“Those Aren’t The Messages I Want To Send Out” | New York Yankees Pitcher Nestor Cortes Jr. N-Word Tweets Blurs The Line

New York Yankees pitcher Nestor Cortes Jr. stepped over the cultural line in high school, and the tweets that displayed an early Twitter offensiveness came back to haunt him.

On Sunday, someone on Twitter retweeted a barrage of old tweets where Cortes posted the word n***a more than a dozen times. The now 27-year-old apologized for the tweets he posted almost a decade ago.

Cortes admitted that he was “pissed” with himself and “shocked” when the tweets resurfaced after starting against the White Sox in the Windy City.

“I Deleted My Twitter”

“Those aren’t the messages I want to send out,” Cortes said to The New York Post on Monday before the Yankees faced the Orioles at Camden Yards. “I deleted my Twitter [account] to clean stuff up. Hopefully I can make a better impact in the world for the people that look up to me to give a better example.”

It raises the age-old question of who is allowed to use racially-charged words co-opted as terms of endearment in street culture.

Cortes is a Cuban-American that grew up in the city of Hialeah in the Miami-Dade County, Florida area. The city also boasts one of the highest percentages of Cuban and Cuban -merican residents of any city in the United States.

The Gray Zone

With most of his tweets coming from a street colloquial, conversational stance instead of racially charged intent, Cortes now lives in the gray area where street culture finds its nouveau riche adherents.

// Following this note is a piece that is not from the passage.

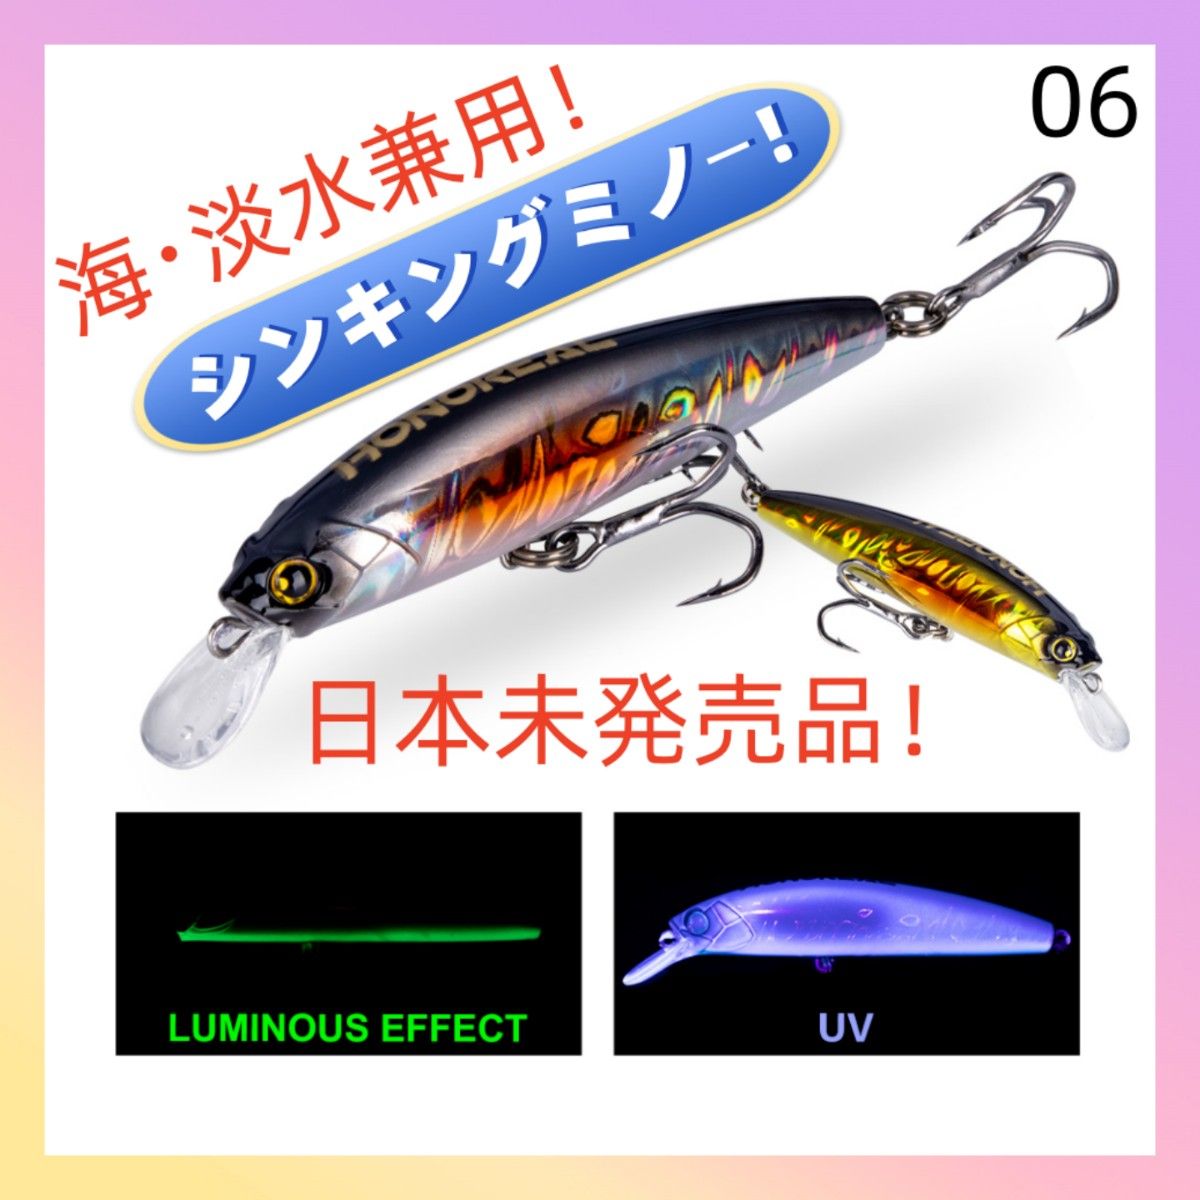 シンキングミノー 85mm 28g【海・淡水兼用】 ルアー 釣り

The same has happened to Latino rap artists like Fat Joe, whose Bronx upbringing is not factored in now that he services the bigger pop culture audience he currently serves.

In sports, boxing has seen the brunt of confusion when tensions boil over between Latino boxers and trainers who find themselves at odds with Black opponents.

Teofimo’s Folly

In October 2021, Teofimo Lopez was the unified lightweight champion and was feeling himself. He had a confrontation with then WBC lightweight champion Devin Haney and during the heated exchange, Lopez comfortably used the N-word profusely at Haney.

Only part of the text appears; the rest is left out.